Becoming an elementary teacher means, at some point, a very first day of school as a teacher...and the first day of school is much harder on new teachers than it is on students.
All students have to do is decide if they love or hate their teacher and make new friends; a new elementary school teacher has to face 30 people - alone - and somehow get them to behave and pay attention, all while acting like she knows exactly what she's doing.
Scarier than they look
First-day nervousness (which may extend for a month or more!) is very hard on new teachers who may not have much experience with elementary classroom management and discipline. Considering that this lack of confidence may continue for a few years after becoming an elementary teacher - especially if the teacher is constantly moving grade levels - the high teacher burnout rate is no surprise.
And what is the impact on the real customers of the education process...the students? How much more does a student get from a seasoned, seen-it-all teacher than one who is fresh out of college and not yet ready for prime time?
The bottom line is the new teachers simply don't have enough hands-on time with children and the school and district administrative system to be truly prepared for how things are done. This is a public school reform issue: They are being failed by the very institutions that are supposed to fully prepare them for their jobs - education degree programs at their colleges and universities.

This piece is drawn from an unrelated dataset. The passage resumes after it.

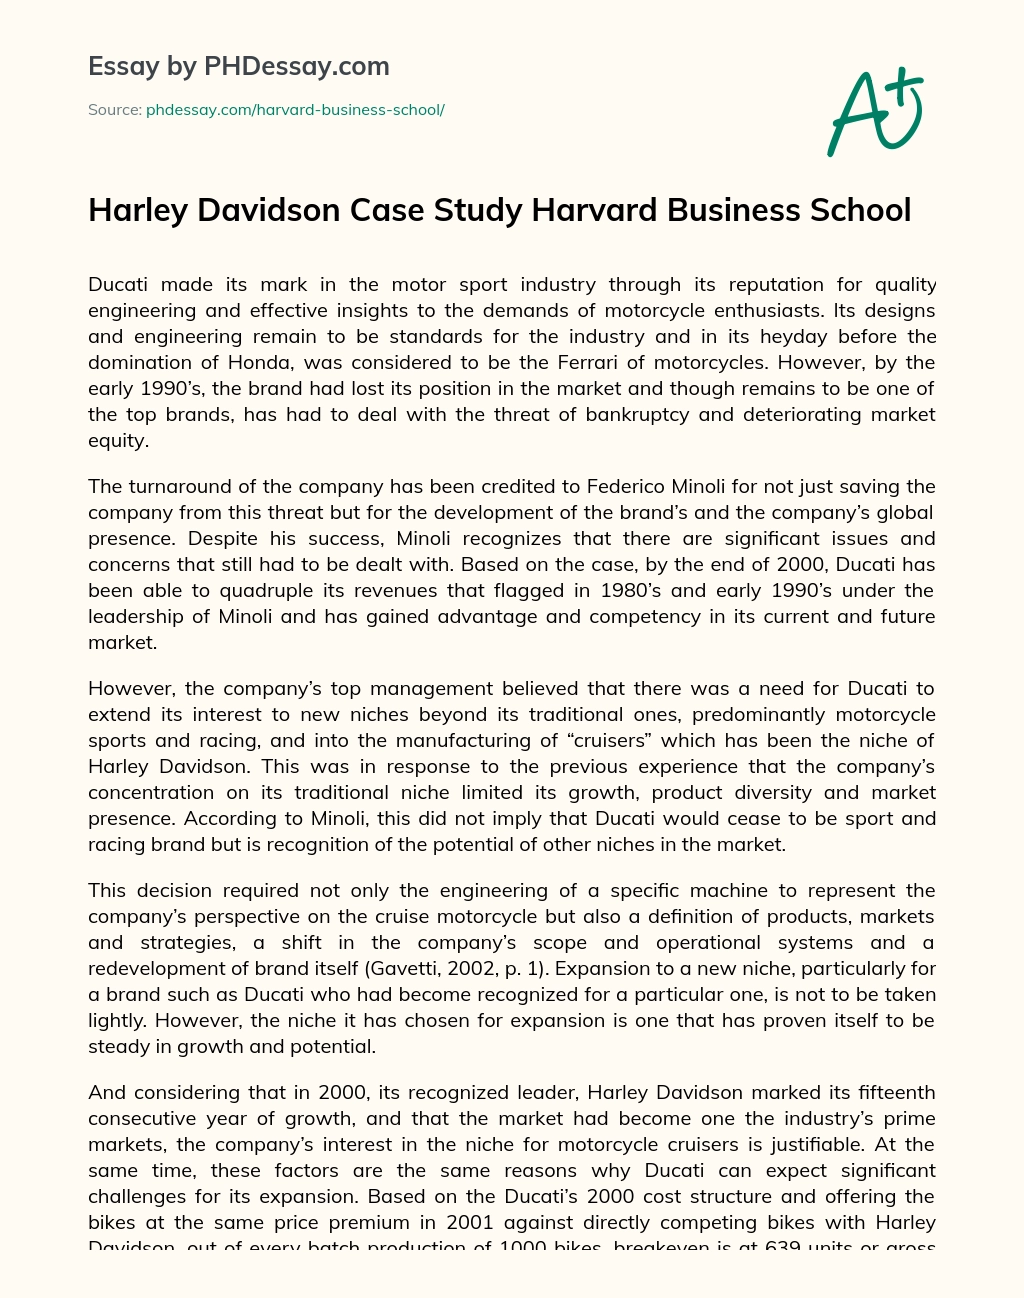 Harley Davidson Case Study Harvard Business School essay

If we can all agree that there is no substitute for experience when becoming an elementary teacher, and experience only comes from direct student contact, just how much of this valuable contact has a typical education graduate obtained when they get their certificate?
I recall my teaching program very clearly, and I know that it was typical; a few weeks observing classrooms and a few months of semi- and full-time classroom control after discounting days off.
I was extremely fortunate to have previous time working in a school office and volunteering for my own kids, and had a great master teacher who was an absolute stickler for elementary classroom management and doing things right with "her" kids. How many of our up-and-coming teachers get this same benefit?
Far too many teachers enter the classroom who are woefully unprepared for what they will face, especially in the area of behavior management. Teacher burnout in a few short years often results.
Hands-on training is the norm for many professions who face stress on the first day of their jobs: pilot must fly many, many hours before they earn their license; ambulance technicians and nurses practice extensively on real people under supervision; police candidates spend hours on patrol with experienced officers.
These professionals must be able to perform on day one of their jobs because people's lives depend on them. They must have the fundamental of their occupations mastered without question or reservation.
Of course, students may not be at immediate risk like a heart-attack patient, but they can certainly suffer a huge setback in their education career by spending a year with an unprepared teacher. The risk may not be immediate, but it is real and life-changing...especially for kids who are already at risk of falling behind.
Students must advance every year in school or they will never catch up.
Just because we all went to school, we are not automatically filled with understanding of how it works day-to-day when becoming an elementary teacher. Details are important, and every job is important to learn, starting with the basics...like how to set up the lunch room tables and how to manage behavior at recess.
Public school reform truly starts at the bottom and works up!
Frankly, any beginning teacher who can't manage playground discipline as well as a noon aid has no business trying to exercise elementary classroom management...but this ability can only come from doing, not talking about doing.
NOTE: I recognize that implementing this program would require an extensive reworking of teaching institutions...but I also think "reworking" is needed!
Student interns should have plenty of experience in a wide range of job responsibilities and grade levels. The "on-the-job training" for becoming an elementary teacher might look like this:
Assisting in non-certificated areas during freshman year
Assisting in certificated areas during sophomore year
Assisting specialist areas during junior year
"Normal" student teaching during senior year
One this would do is to let a potential teacher know, without a doubt, whether they really wanted to pursue an education career by the time they finished their second year in college.
First days should not be so hard on our new teachers...or the students of those teachers!